Skip to content

SYM01/htmlsanitizer

Repository files navigation

Golang HTML Sanitizer / Filter

Go Reference Go codecov

htmlsanitizer is a super fast, allowlist-based HTML sanitizer (HTML filter) written in Golang. A built-in, secure-by-default allowlist helps you filter out any dangerous HTML content.

Why use htmlsanitizer?

  • Fast, a Finite State Machine was implemented internally, making the time complexity always O(n).
  • Highly customizable, allows you to modify the allowlist, or simply disable all HTML tags.
  • Dependency free.

Install

go get -u github.com/sym01/htmlsanitizer

Getting Started

Use the secure-by-default allowlist

Simply use the secure-by-default allowlist to sanitize untrusted HTML.

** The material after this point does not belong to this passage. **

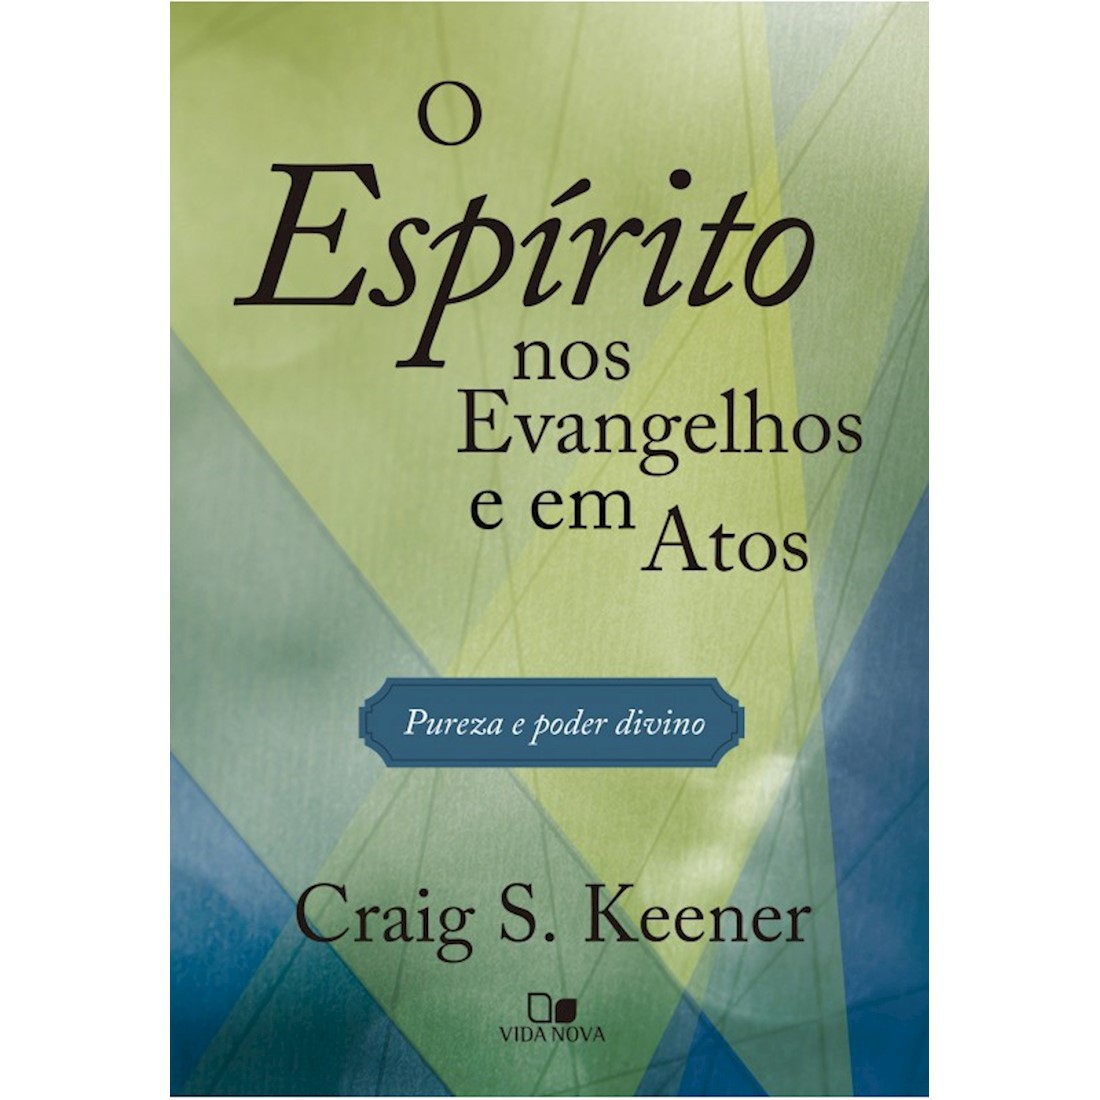 Livro O Espírito nos Evangelhos e em Atos

sanitizedHTML, err := htmlsanitizer.SanitizeString(rawHTML)

Disable the id attribute globally

By default, htmlsanitizer allows the id attribute globally. If we do NOT allow the id attribute, we can simply override the GlobalAttr.

s := htmlsanitizer.NewHTMLSanitizer()
s.GlobalAttr = []string{"class"}

sanitizedHTML, err := s.SanitizeString(rawHTML)

Disable or add HTML tag

s := htmlsanitizer.NewHTMLSanitizer()
// remove <a> tag
s.RemoveTag("a")

// add a custom tag named my-tag, which allows my-attr attribute
customTag := &htmlsanitizer.Tag{
    Name: "my-tag",
    Attr: []string{"my-attr"},
}
s.AllowList.Tags = append(s.AllowList.Tags, customTag)

sanitizedHTML, err := s.SanitizeString(rawHTML)

Disable all HTML tags

You can also use htmlsanitizer to remove all HTML tags.

s := htmlsanitizer.NewHTMLSanitizer()
// just set AllowList to nil to disable all tags
s.AllowList = nil

sanitizedHTML, err := s.SanitizeString(rawHTML)